According to Brugger, materia apta provides this platform because it is the seat of what he calls the
“active potencies” that enable the substantial form to display its characteristic operations in the given
matter. On Brugger’s account, however, the zygotic epigenetic state is definitive of the materia apta for
humanness and so determines the “active potencies” for the behavior characteristic of human organisms.
14
By the same logic, suppressing the OAR product’s zygotic epigenetic state deprives it of the platform
for the active potencies of humanness—and so deprives it of its human status. If this suppression can be
made to coincide with the new entity’s coming into being through pre-transfer biochemical modification
of what will be its initial epigenetic state, then, by the same logic, it will never have been a human
organism at all. Since agere sequitur esse, Brugger reasons, the prevention of the materia apta for the
active expression of a human being’s characteristic operations is necessarily the prevention of the
genesis of any human being in the first place.
There are two main problems with Brugger’s argument here. (i) First, Brugger’s invocation of the
Aristotelian-Thomistic doctrine of materia apta misses the point. Schindler is not denying this doctrine,
but claiming that the fusion of the enucleated oocyte and the somatic cell nucleus itself already provides
a sufficient materia apta for the existence of a human being. Brugger fails to address the crucial
question, which is not whether or not OAR can modify the outcome of epigenetic reprogramming, but
whether or not such modification is by itself sufficient to rule out the creation of a new human embryo.

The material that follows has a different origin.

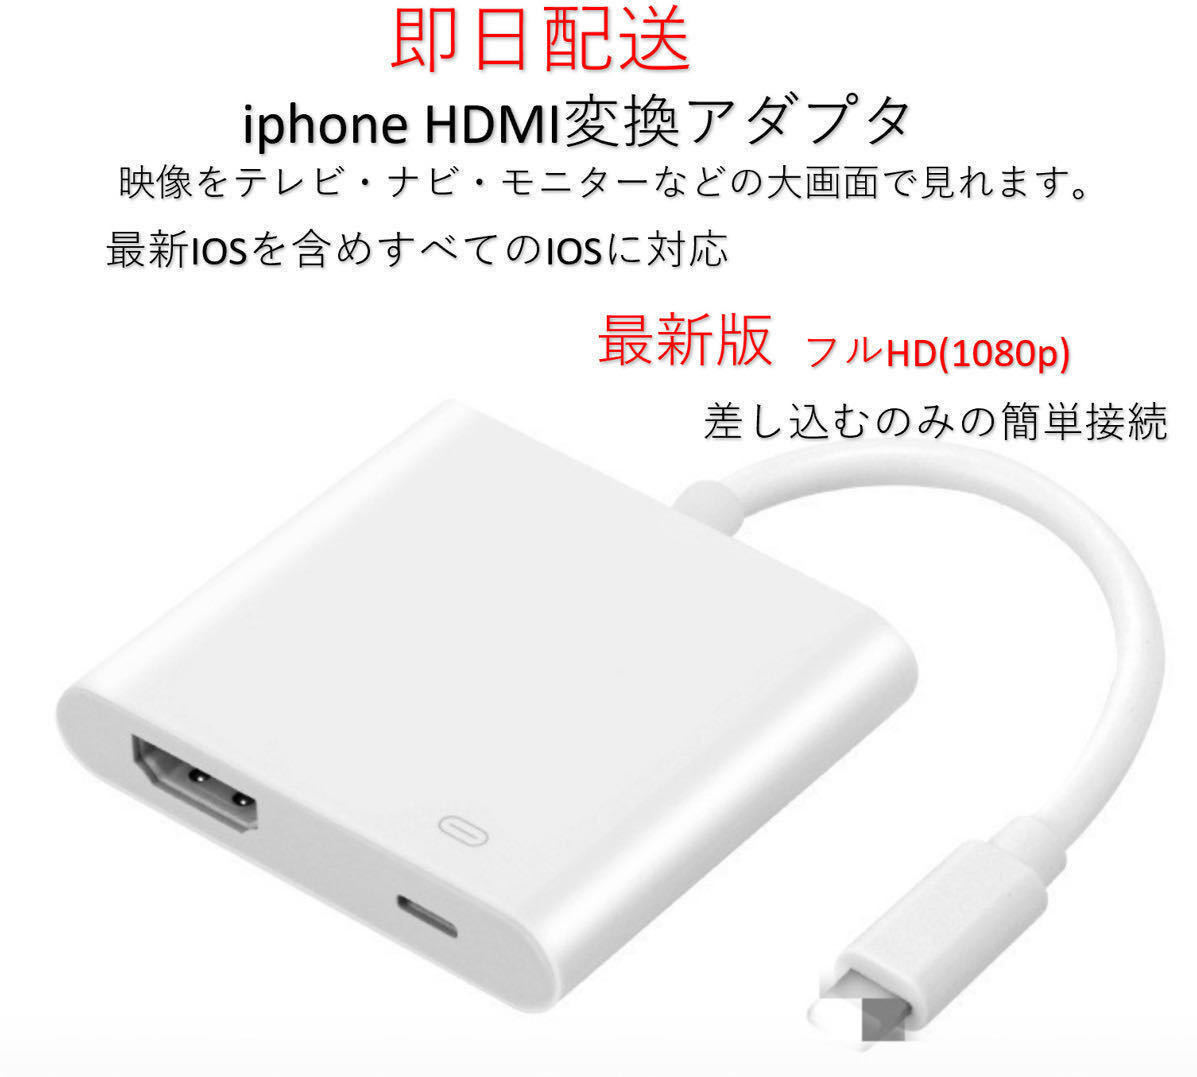 ★最新版★MFI認証 iPhone HDMI 変換アダプタ ライトニング 接続ケーブル アダプタ HDMIケーブル 有線ミラーリング 設定不要(元箱なし)の画像1

(ii) This brings me to the second problem with Brugger’s philosophical argument, which is that it comes
perilously close to overturning the Aristotelian-Thomistic priority of act over potency, especially when
Brugger faults Schindler for failing to understand that “it is precisely the character of the organic
material, which includes inter alia the material’s genetic imprinting, that determines the possibilities for
humanness.” 15 As far as I can tell—and it is difficult to tell because his argument is vague and tangled
here—Brugger seems to be confusing the active potencies, as nature-rooted powers, with the material
basis of their expression, and then taking the latter as quasi-constitutive for human identity. But if active
potencies flow from actualized natures, and not vice versa, then the absence/modification of the zygotic
epigenetic state is not by itself sufficient to dispose of the question Schindler has raised. It leaves
completely open the possibility that OAR creates embryos with developmental defects set to go off
already in the zygotic stage of their existence. And so we find ourselves back at square one.
4.
The scientific and philosophical battering rams that Brugger deploys to knock down Schindler’s doubts
against OAR leave them not only unbowed, but also unbloodied. Let me briefly explain why I do not
think that any possible arguments would be enough to dispel them.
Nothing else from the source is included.